Saturday, May 16, 2015

Remote Medical Clinic -





How it works -

The three doctors and Cassidy hire a 4x4 and drive around the countryside looking for very remote villages.

Here they are stopped, and Dr. Kim is giving an adjustment, while the other Doctors treat some wounds.

Courage




A group picture in the remote area of the White Sands region on the island of Tanna during one of our truck clinics. One of the nice patients gifted me that nice woven fan.

 The clinic was in a broken schoolhouse where the winds blew in the ocean facing wall and roof. They lost most supplies, the books were still there, but had been all wet and were hard to read.

Shannon






Friday, May 15, 2015

Port Vila -

It is official, Cassidy has left for America, the motorcycle is in full use, and I found an ice cream factory!  So now in the afternoon we motorcycle down to the ice cream factory, and pick up our ice cream right there!

We are finding that we like civilization for the first day or two, then the need for a quiet anchorage with a sandy beach comes right back, and we scheme and plan for an escape!

Courage

Cyclone Pam Aftermath -

video

Thursday, May 14, 2015

Wednesday, May 13, 2015

Lil' Explorers Ends ER-1

A 43 year old lady was treated twice at the medical clinic run by the doctors of ER-1 in Ponkill on Erromango Island. She was unable to digest food, and was basically starving slowly. Lil' Explorers ended up transferring her on board to Dillon's Bay in Eromango for a medical flight to the hospital in Port Vila. Unfortunately flights were unable to be scheduled. Hence Lil' Explorers ended up sailing her to Port Vila, taking her to the hospital, and briefing the on-duty ER Doctor on her status/condition. Fortunately the problem has been found and will be corrected shortly!

Salsa and probably Chez Nous should be arriving tomorrow, and an initial meeting of ER-1 with ER-2 is scheduled for 1730 on May 13th. 

What a truly wonderful experience, and thank you to everyone!

Courage

Sunday, May 10, 2015

South River - Erromango Island Report

We arrived around 10:00am on May 8th 2015, AKA Shannon's birthday.

An initial brief meeting with the chief as he met us off shore. The chief said we were welcome to visit his village, and when asked about need for medical help he indicated that they did require medical assistance. He then took his boat back up the river to the village and let the people know that we were coming, and that he had welcomed us.

After anchoring Cassidy and I took our dingy up the river to the village. We were welcomed by Lency who spoke great English. He introduced himself as the CDC (Community Disaster Coordinator). He took us on a brief tour of the village. There were numerous areas that were easily identified as having been house sites before the cyclone, but now were just rectangular areas of bare dirt.

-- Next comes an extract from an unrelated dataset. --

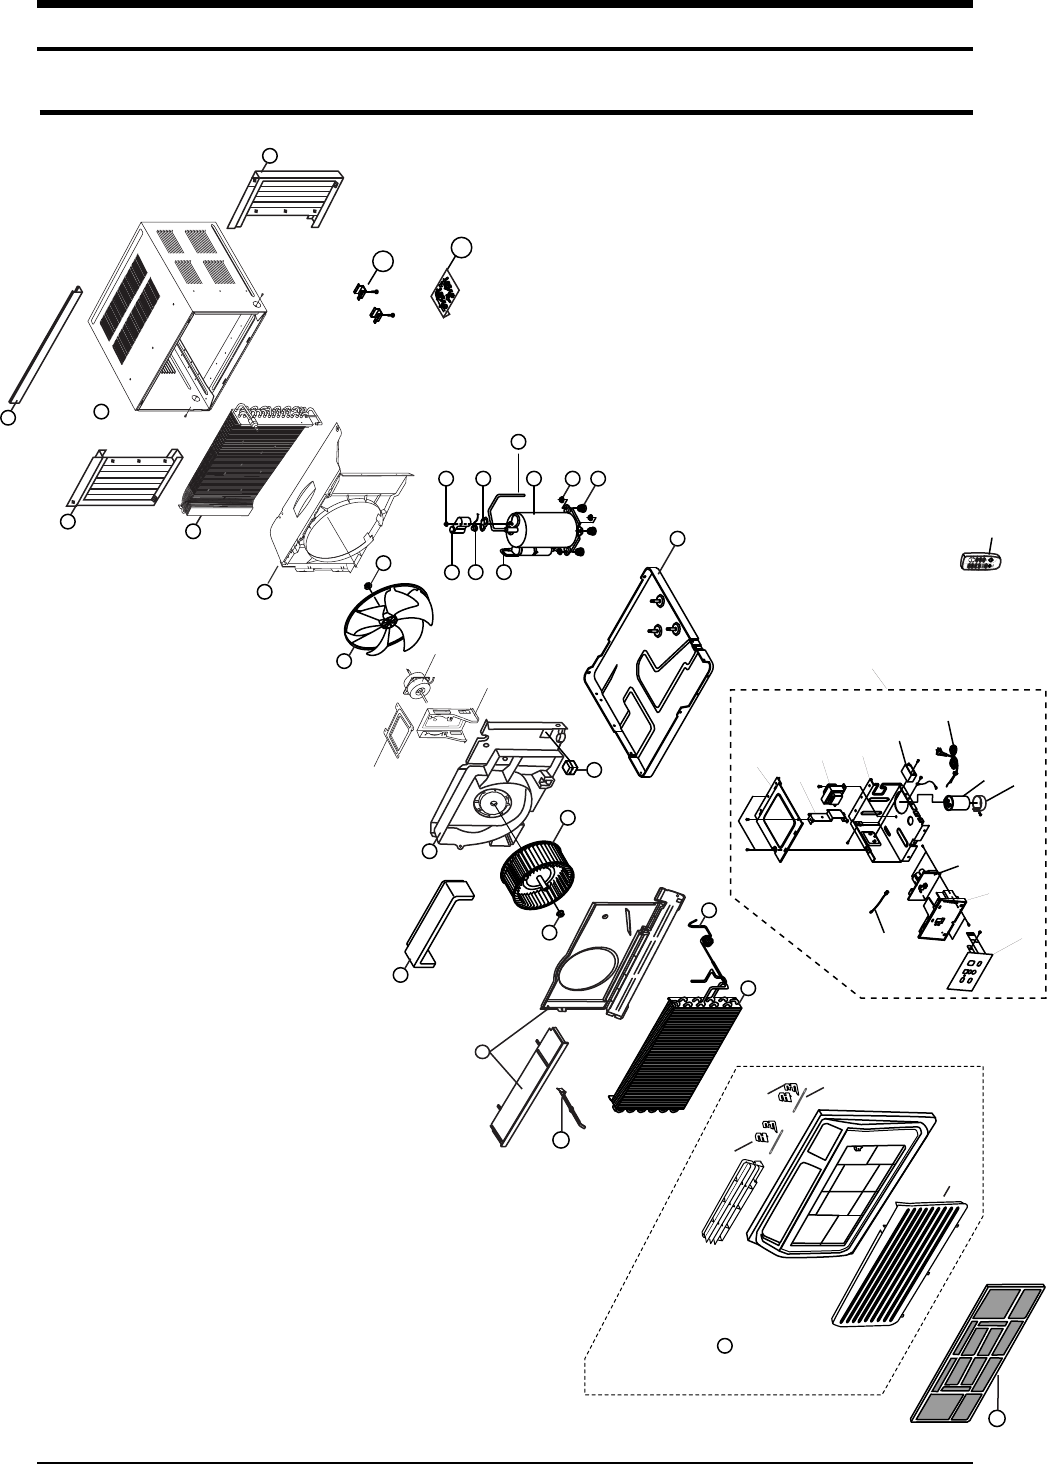 AW1805B Sam0001 Samsung Room Air Conditioner Service Manual

Many temporary homes had been rebuilt with wreckage from the cyclone to provide immediate shelter from the elements. As usual the villagers were very happy and welcoming. We were shown an area where we could conduct a clinic inside one of the two brick cyclone houses.

We asked about when their last food aid had been delivered and they stated it had been over a month ago and that it was all gone. They also stated that their next food aid was over a week late and they had no word on if/when it may occur. It was possibly delayed due to logistics with rain all week, but there is no communications and it is unknown.  These are a people who typically receive no aid of any kind and live completely self sufficiently.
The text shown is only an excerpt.